Terrible hip pain, fatigue, muscle cramps, depression, rash, pain in pancreas area, slightly enlarged lymph nodes under jaw.


----------



## lainey (Aug 26, 2010)

"Hot" nodules have uptake, "cold" nodules do not. If there was no uptake on the nodule, it was cold.

There is difference between "in" and "on". If the nodule is in your thyroid, it would likely show up on the scan, where if it is on (not part of) your thyroid, it would not.

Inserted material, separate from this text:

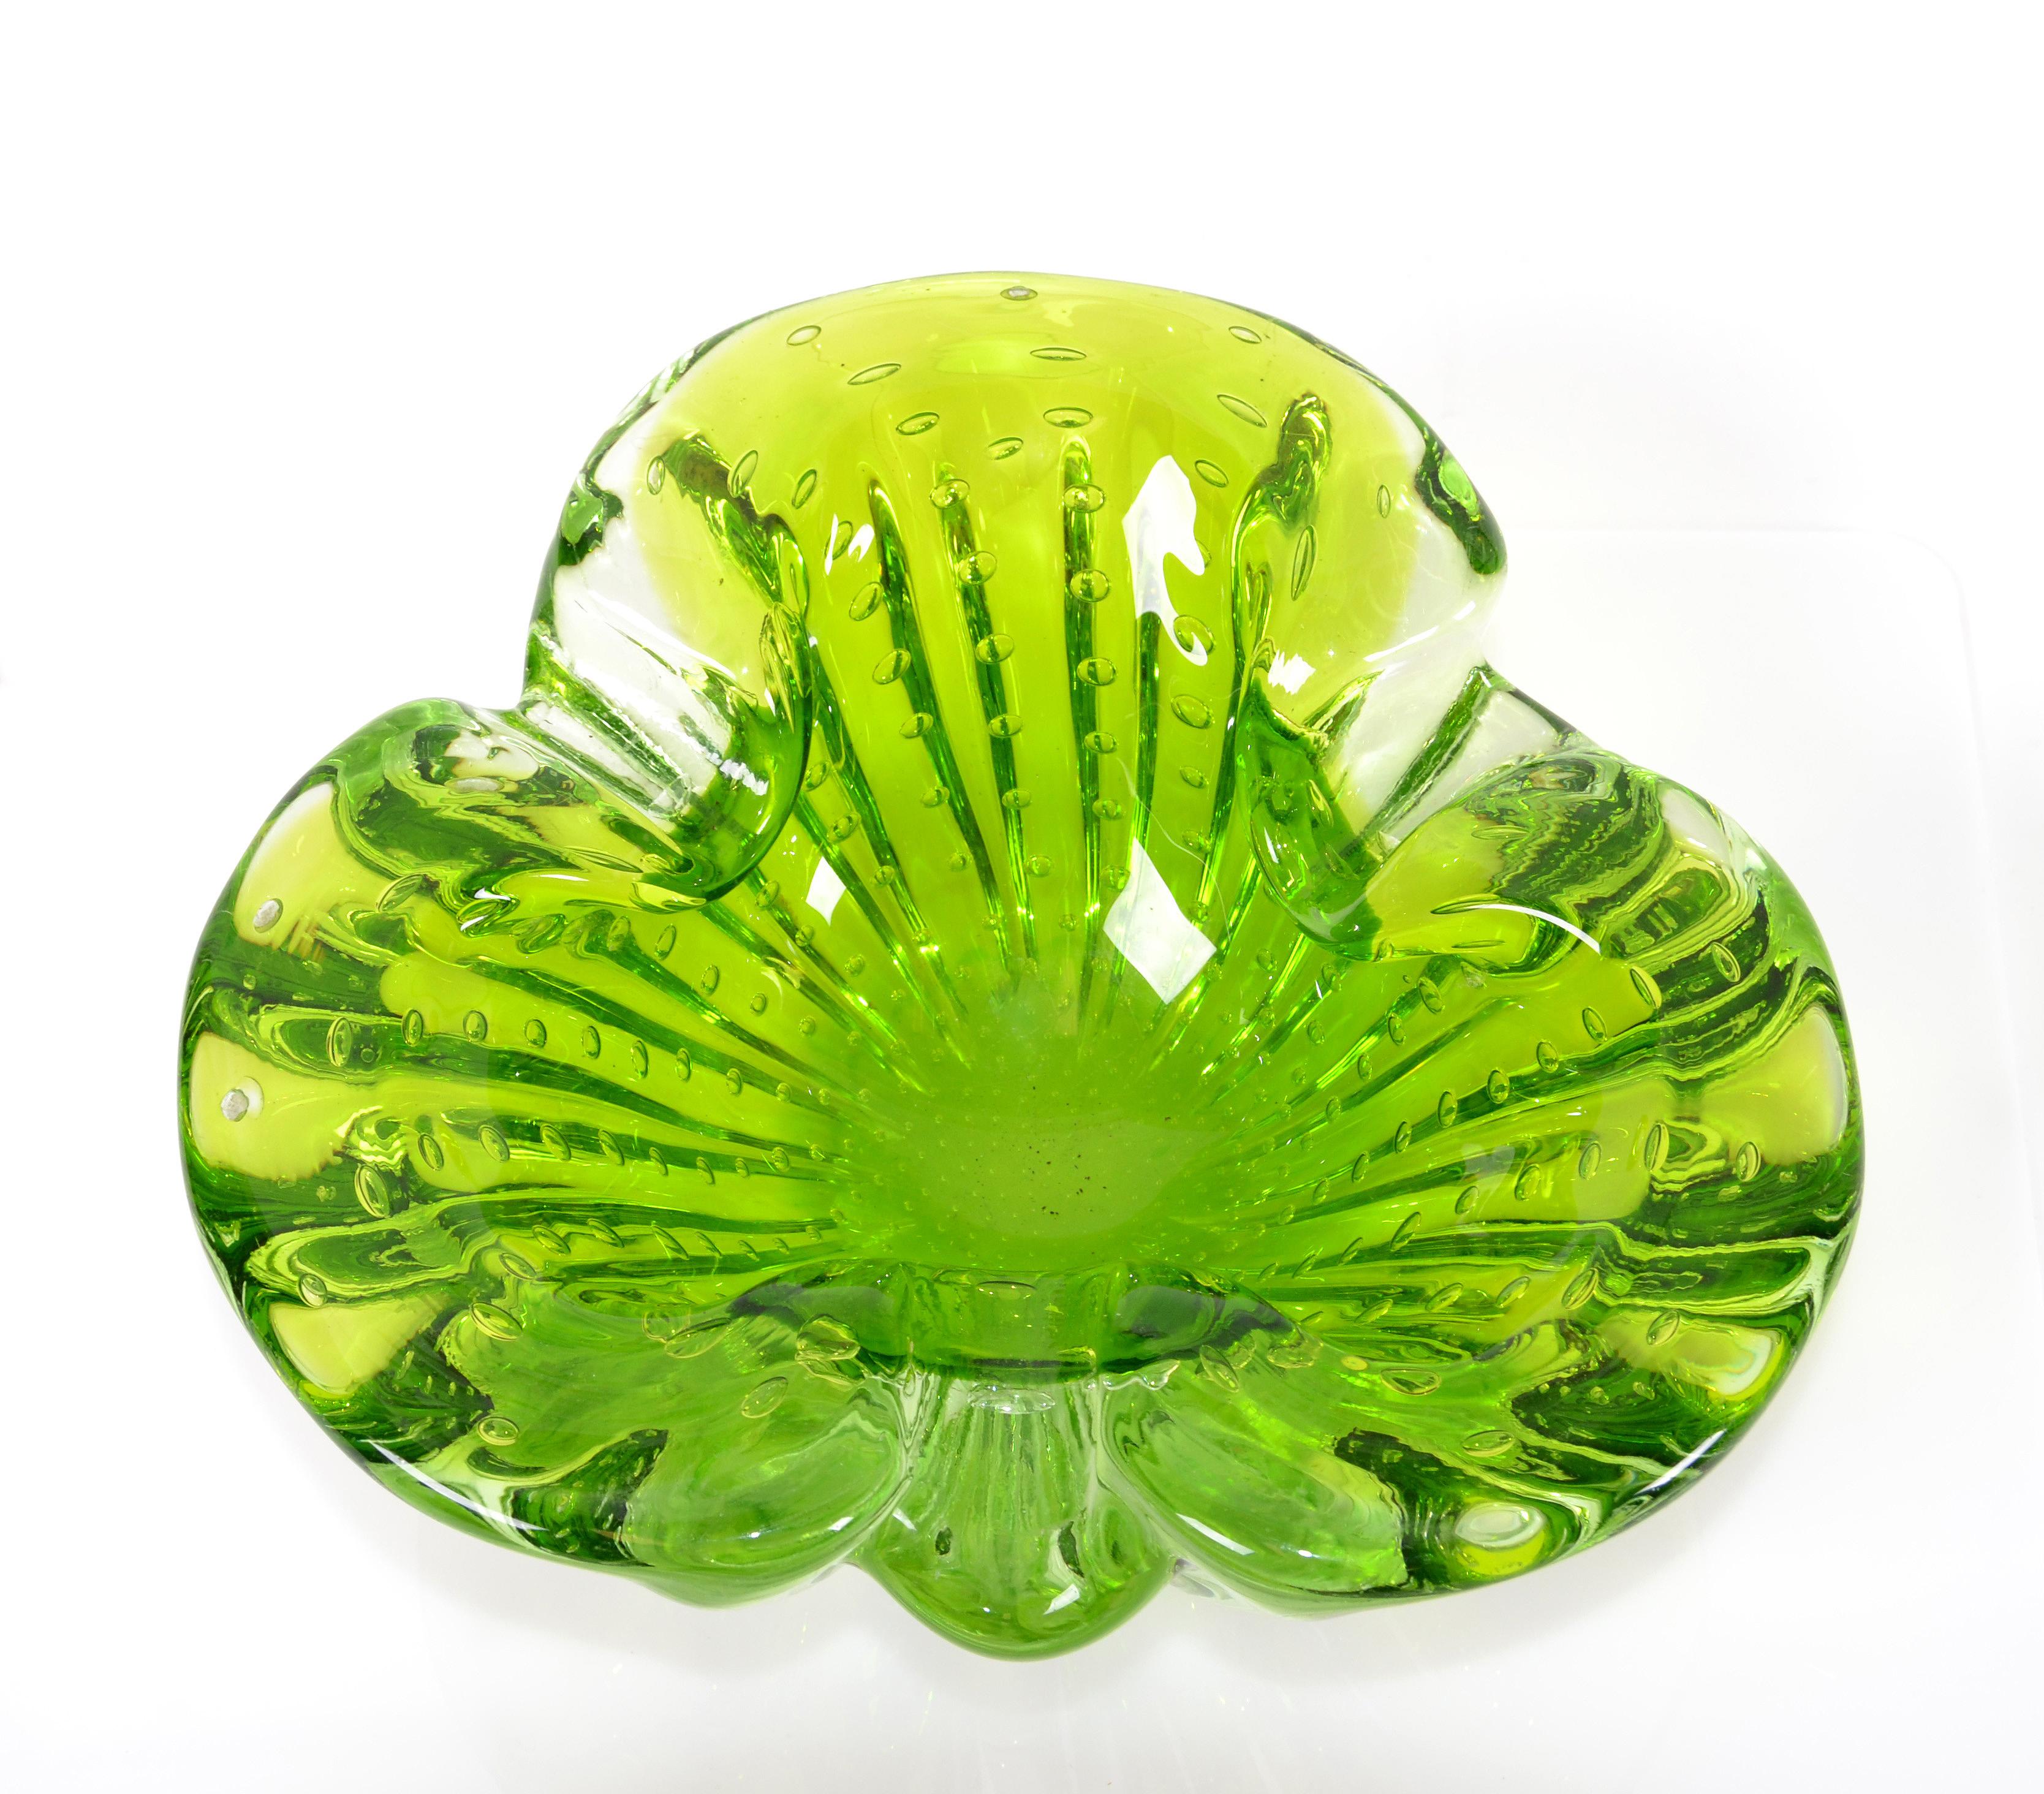 Hand-Crafted Italian Blown Murano Glass Neon Green Controlled Bubble Catchall, Bowl, Ashtray

This definitely needs a biopsy.

You need someone to evaluate your calcium completely--this is normally very stable--the high calcium needs to be fully investigated.

http://http://www.mayoclinic.com/health/hypercalcemia/DS00976


----------



## Andros (Aug 26, 2009)

KOMBUCHABABY said:


> PALPABLE NODULE NOT SHOWING ON RAIU -
> 
> Hey guys! I just had an RAI uptake scan and it showed normal function. I have a 3.5 palpable nodule on left thryoid. The nodule was not visable. Does this just mean it is a hot nodule? Or could it be a parathyroid nodule or problem with carotid artery? All my thryoid results are within normal range. Just wondering if Hashimotos would show normal RAI scan? I'm so confused!
> 
> ...


Definitely a biopsy. Solid nodules do not uptake and therefore it becomes highly suggestive of cancer.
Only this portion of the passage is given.